Серебряный век
Сегодня как-то незапогодилось: дождь лил как из ведра с самого утра.
- Сегодня никуда не пойду, - сказал Юра своей маме, - уж очень льёт.
- Надень плащ, Юра, а идти надо, - мама была категорична.
- Нет, - сказал Юра, характер у её сына был решительный, если решил, - не сегодня, мама.
- Ладно, Юра, - сказала мать примирительно, - не ходи, только...
В дверь постучали.
- Кто? – спросил Юрий чуть охрипшим от волнения голосом.
- Я.
Тут надо сказать следующее: дело о разводе, который затеяли Юрий и его мама, было весьма и весьма щепетильное.
- Юрий Альбертович, откройте, это я.
- Маша, - упавшим голосом сказал хозяин дома, - проходи Маша, присаживайся, вот так. Хорошо?
- Я пришла сказать тебе – ты прав, во всём прав, Юрий. Я не хотела тебя обидеть, но так вышло... – дальше она говорила о поступках, которые могла бы не совершать, - но...

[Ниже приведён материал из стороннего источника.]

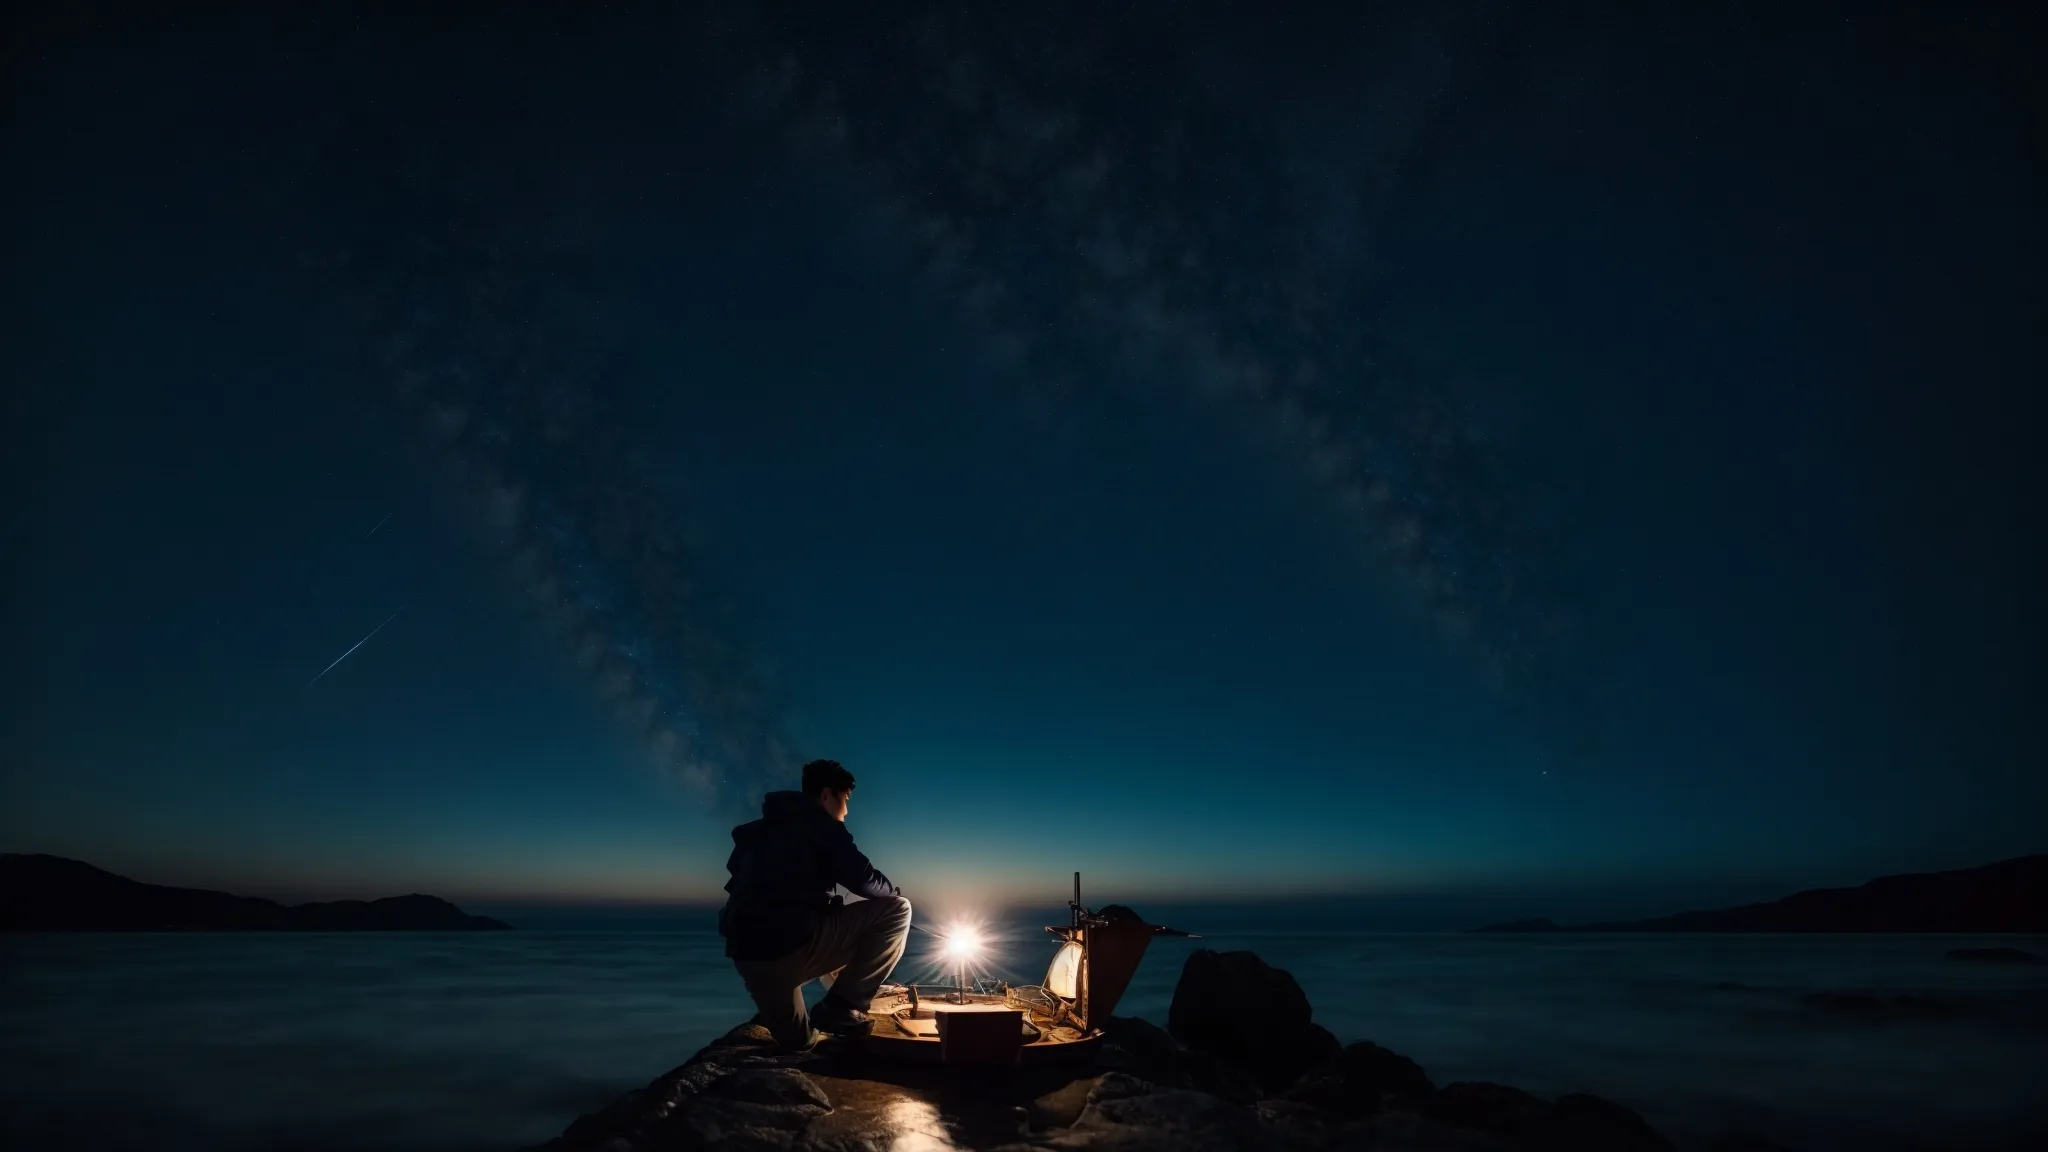 a sailor at a vast sea, navigating with a compass under a starry sky, symbolizes strategic exploration and discovery.

- Поздно, Маша, теперь уж поздно, всё решено... я решил... ты должна уйти... навсегда, Маша. Я любил, ты знаешь меня, не прощу... никогда... слышишь, Маша? – Юрий перешёл на крик, он чуть не плакал, когда мама заглянула в дверь.
- Юра?.. Всё...
- Не надо, мама, всё... в порядке будет, когда я разведусь с этой...
Он заплакал и больше не сдерживал слёз. Мать закрыла дверь, послышалось:
- Уходи, Маша, больше не могу терпеть... тебя...

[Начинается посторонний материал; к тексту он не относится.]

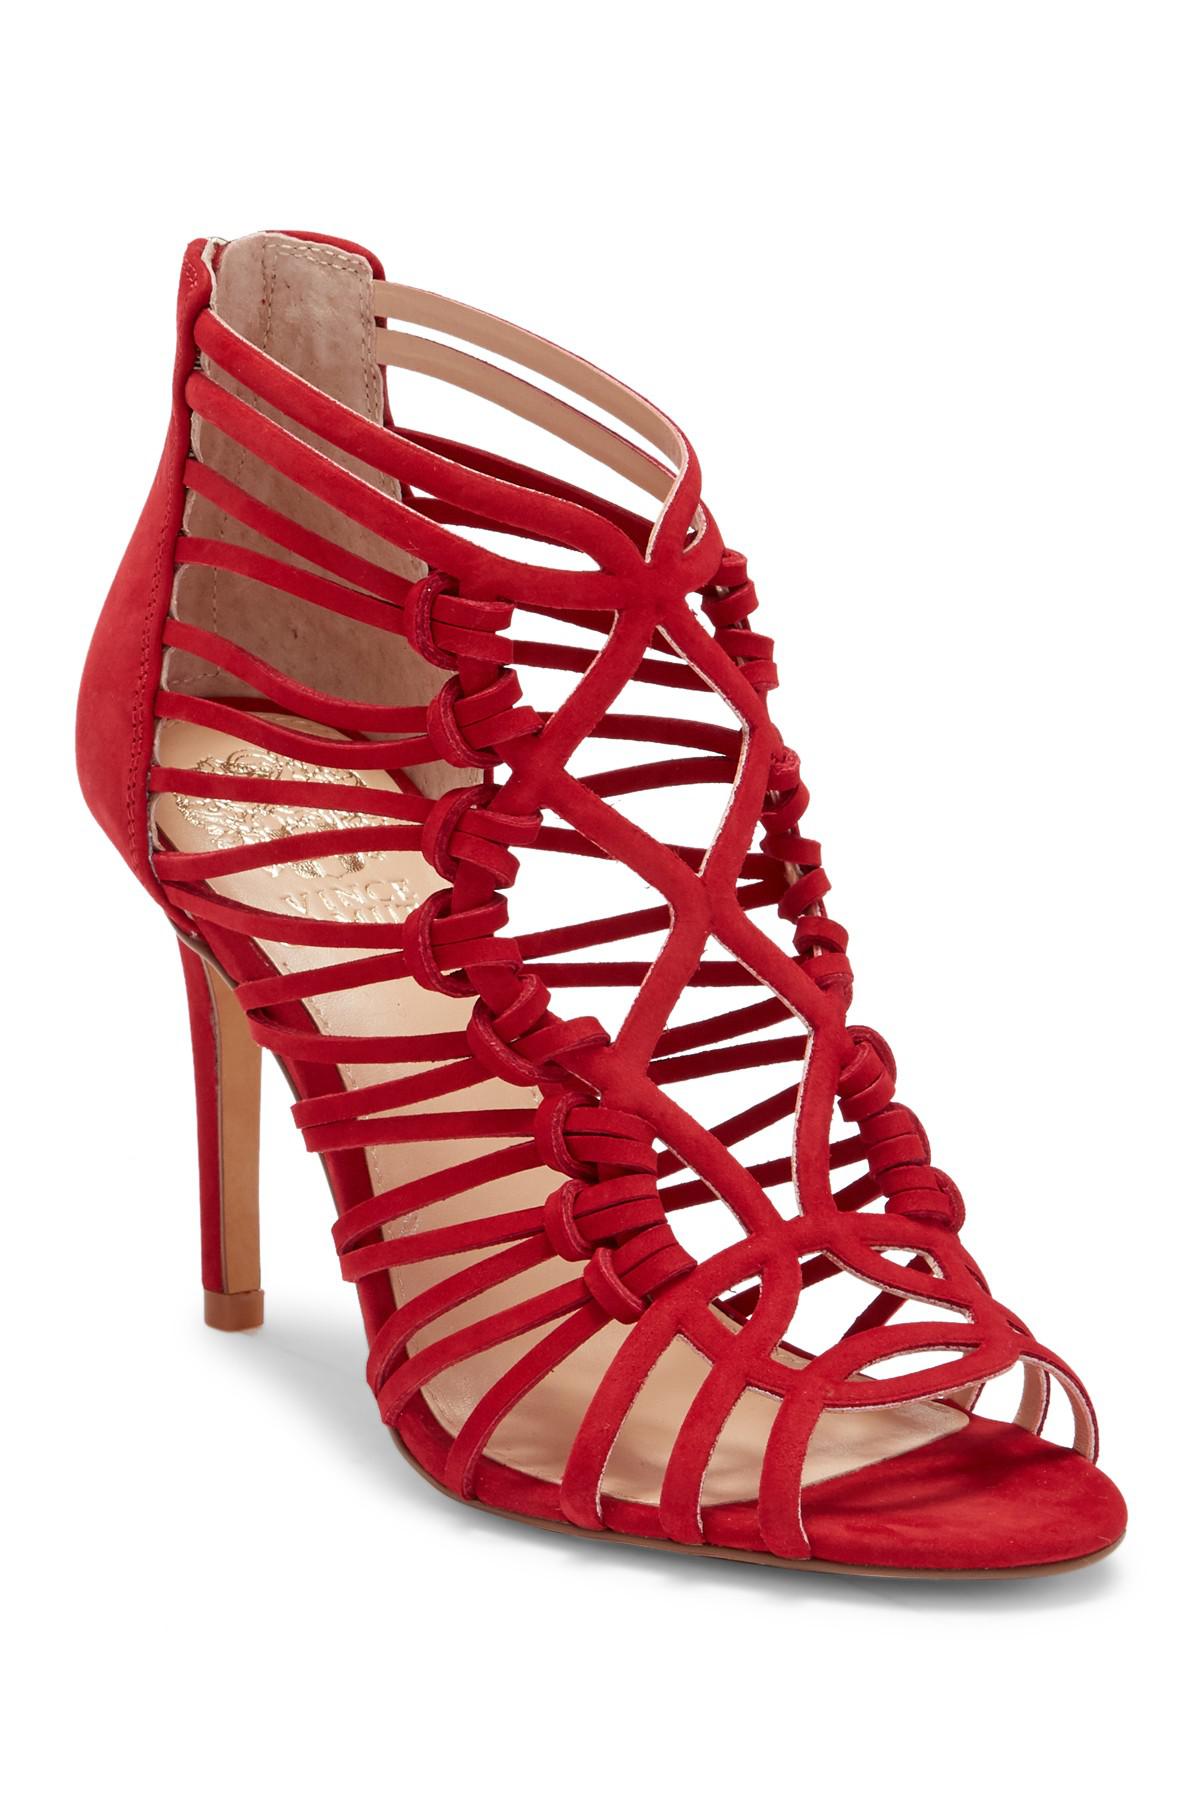 Vince Camuto Leather Joshalan Strappy Suede Sandal in Red - Lyst

Маша поспешно встала, почему-то поклонилась мужу (всё ещё муж, хотя вместе не были уже давно).
- Прощай, Юрий... Альбертович, мой, всё ещё любимый, муж.
Она засеменила к двери.
- Постой! Хотя нет, иди, больше не остановлю, - он вдруг вспомнил прекрасно сыгранные роли в домашнем театре. Она играла так живо, так весело... все хлопали... и он...
"Опять играешь, Маша", - сказал он себе, когда дверь за нею затворилась.
- Юра...
- Не надо, мама, побуду один, - он знал, мать волновалась за него, - да, чаю, мама, если можно, чаю.
Успокаивал, мать знала:
- С молоком, Юра? – она чуть не плачущим голосом решила уточнить.

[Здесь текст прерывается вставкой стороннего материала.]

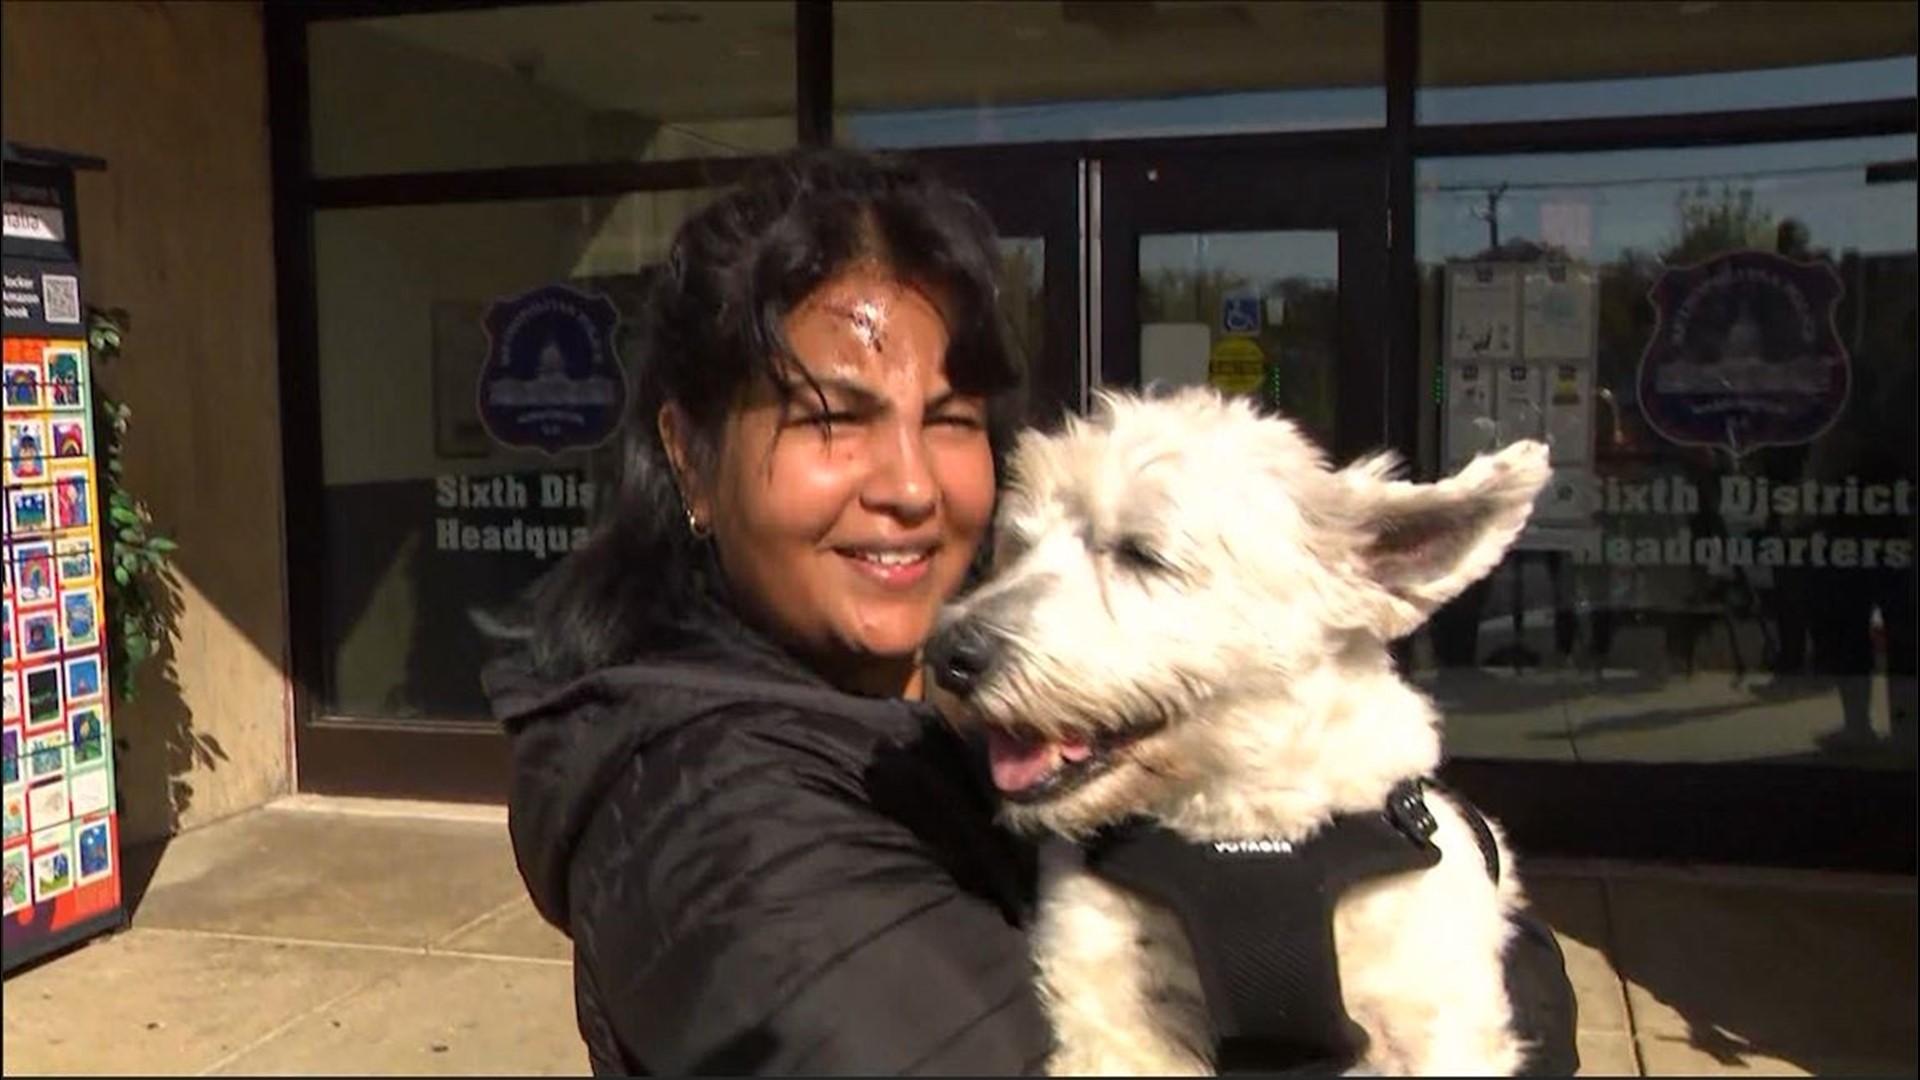 Three days after a violent attack in Northeast D.C. where a woman had her dog ripped from her arms, the victim and her nearly 14-year-old pup were reunited.

- Нет, без... лучше кофе, - он знал, мать любила кофе, варила для себя, сейчас ему чая не хотелось, только кофе... маме...
Мать ушла, понимала сына и болела за него. "Какой ему кофе?.." – она быстро вернулась. Юрий заряжал пистолет, она бросилась ему на шею.
- Юра, не надо!
Он как будто очнулся.
- Что, мама?
- Ты не понимаешь? – она показала взглядом на дрожавший в руке сына пистолет.
- Я? Нет. Это не я. Как я могу?
Он сидел, раскачивался, взявшись за голову:
- Я не могу, больше не могу... – его лихорадило.
Пришлось послать за доктором. Всё, что могло навредить сыну, мать убрала, даже кухонные ножи и вилки были убраны под замок. "Конечно, - думала бедная женщина, - найдёт, если захочет... но я присмотрю". Её лихорадило тоже, воспалёнными глазами она всматривалась в лицо сына и не узнавала прежнего своего мальчика. Оброс, осунулся, ночью скрежетал зубами во сне – она не отходила от него ни днем, ни ночью.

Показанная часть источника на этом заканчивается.